N=1029 holdout-excluded (feature/3d-cyp-multidist Experiment A): Morgan+3D ML AAFE 2.930 vs Morgan-only 3.030 (Δ=-0.100, first gate PASS); meta blend 2.818 vs production-then meta 2.277. Orthogonality r=0.655 with Morgan, insufficient to clear ensemble error cancellation. Archive tag archive/3d-cyp-multidist-2026-04-01.
N=1128 production-scale retest (feature/morgan3d-retrain Phase 12c, 2026-04-01, 324 hyperparameter configs): Morgan+3D ML AAFE 2.402 vs Morgan-only 2.341 (Δ=+0.061, WORSE); meta 2.370 vs production 2.277 (Δ=+0.093). Error correlation r=0.952 — at production training scale, the 3D features lose their pseudo-orthogonality. 3D feature share = 6.9% importance, only 3 in top-20 (whim_5/6/7). Archive tag archive/morgan3d-retrain-2026-04-01.

The two evaluations together rule out “but it might work at production scale” as an escape: the orthogonality observed at N=1029 was a small-data artifact, not a feature-engineering signal. Telltale if it returns: “asphericity / NPR / PMI / WHIM / 3D shape descriptors / conformer features” added to ML feature set.

DE-35 — Differentiable engine surrogate for E2E SMILES→Cmax (2026-04-02)

Distinct from DE-30 (UDE / gradient-through-solver): pre-train an MLP operator to mimic the engine, then fine-tune SMILES→Encoder→Operator→Cmax end-to-end with frozen operator. Two-gate evaluation:

Gate 1 — operator approximation: PASS. MLP (128, 64) on 20K synthetic ADME→Cmax pairs, R²=0.9985, fold error 1.09×. Top features: dose 62%, Peff 24%, CLint 7%. Engine is perfectly approximable as a pure function of physiological inputs.
Gate 2 — E2E fine-tuning: FAIL. Scaffold-CV AAFE 3.544 vs XGBoost 3.369 (+5.2% worse). Error correlation r(E2E, XGB)=0.867 — somewhat orthogonal, but E2E too inaccurate to contribute. The 12-D latent bottleneck through the physics operator over-constrains the model at N=1,239 training samples.
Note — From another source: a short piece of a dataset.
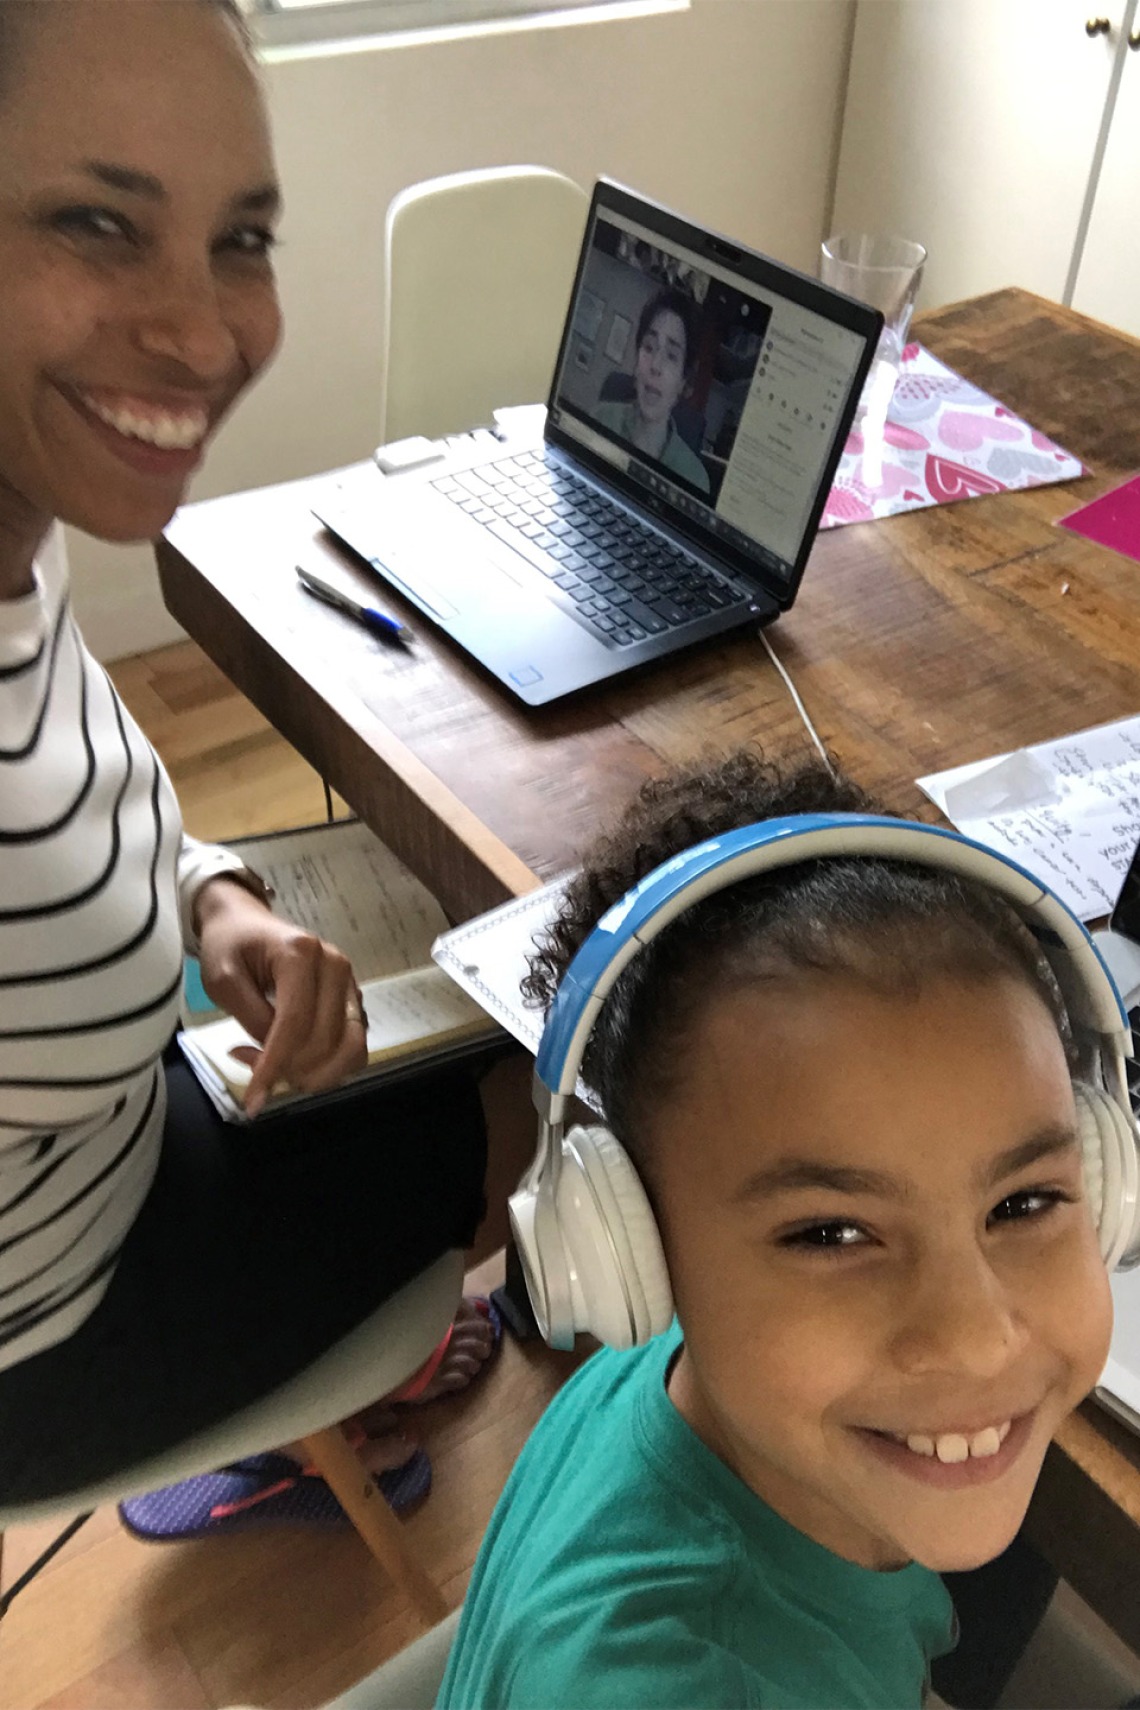 Allison Otu, executive director of corporate and community relations, poses for a photo with her daughter while working from home.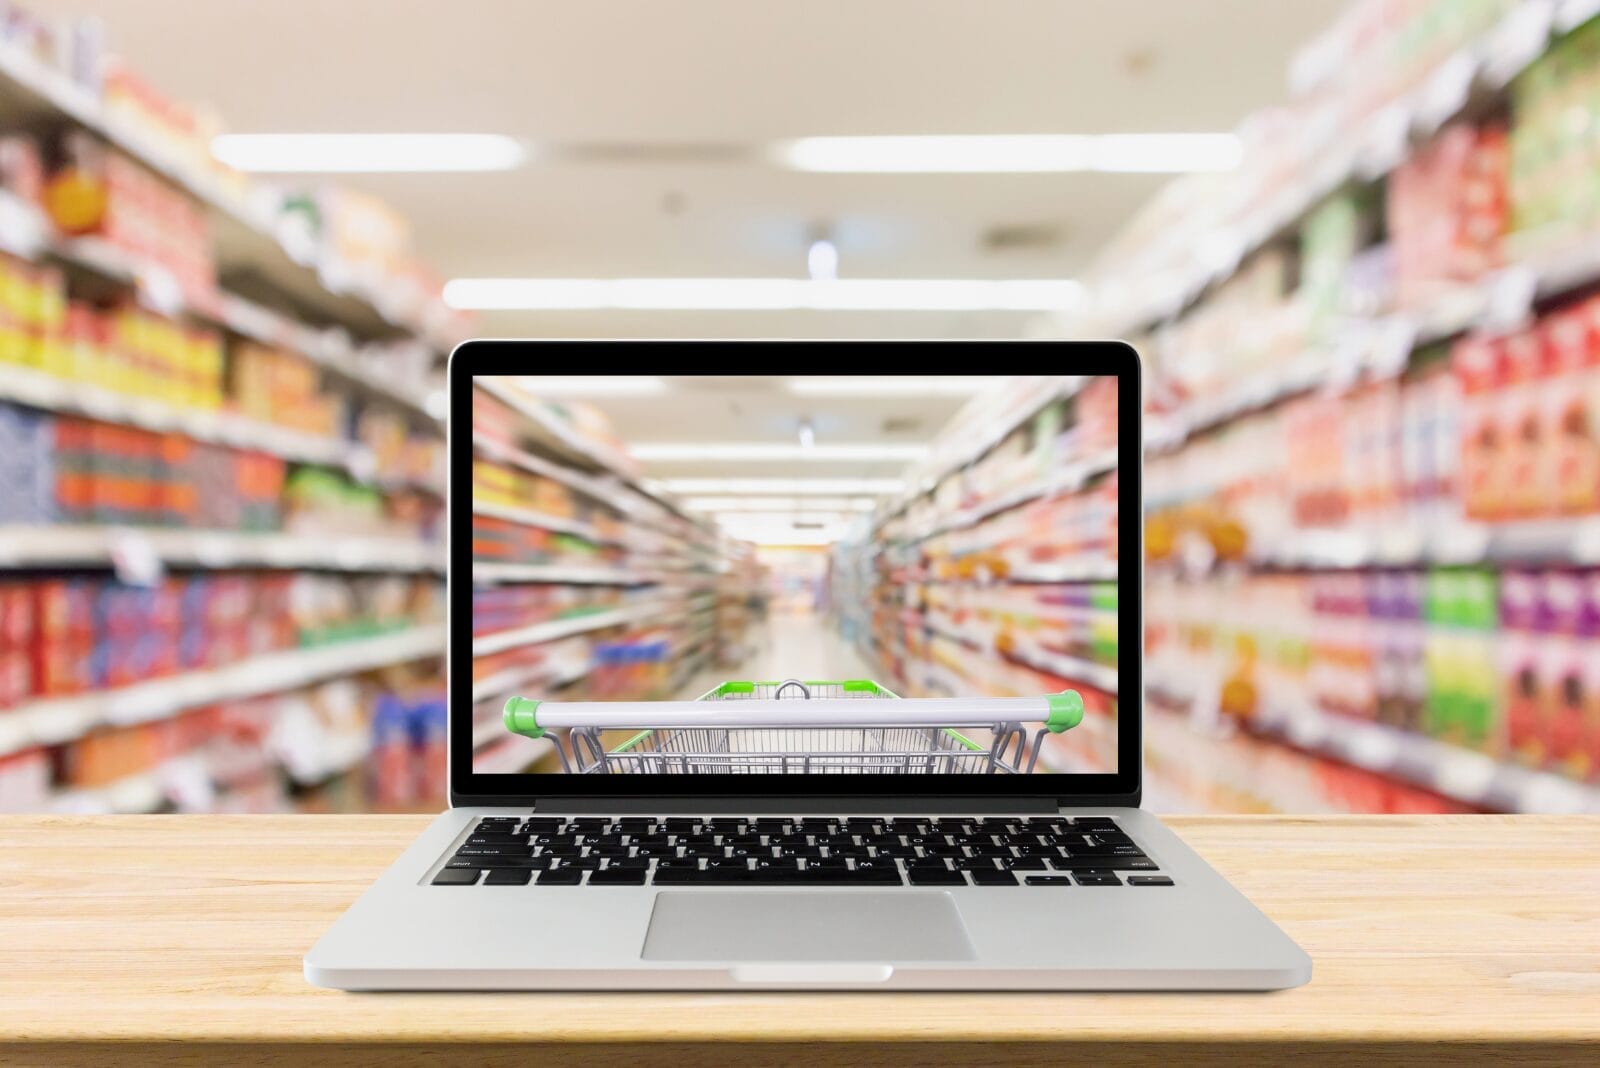 Symbolic imagery of online grocery shopping - Laptop in grocery store shows aisles and grocery cart

Mechanism: the operator captures engine physics perfectly, but the engine’s systematic bias (AAFE 3.42) transfers through unchanged — fine-tuning with N=1,239 cannot correct it via the encoder. Same SMILES information ceiling as DE-05/DE-17/DE-30 reached from a different architectural angle. Branch feature/neural-operator-surrogate (commit b85b18d); archive tag archive/neural-operator-surrogate-2026-04-02. Telltale if it returns: “differentiable surrogate / amortized engine / pre-trained operator + encoder fine-tuning” with N < 5K Cmax training data.

DE-36 — UGT fm redistribution re-measurement (2026-05-13)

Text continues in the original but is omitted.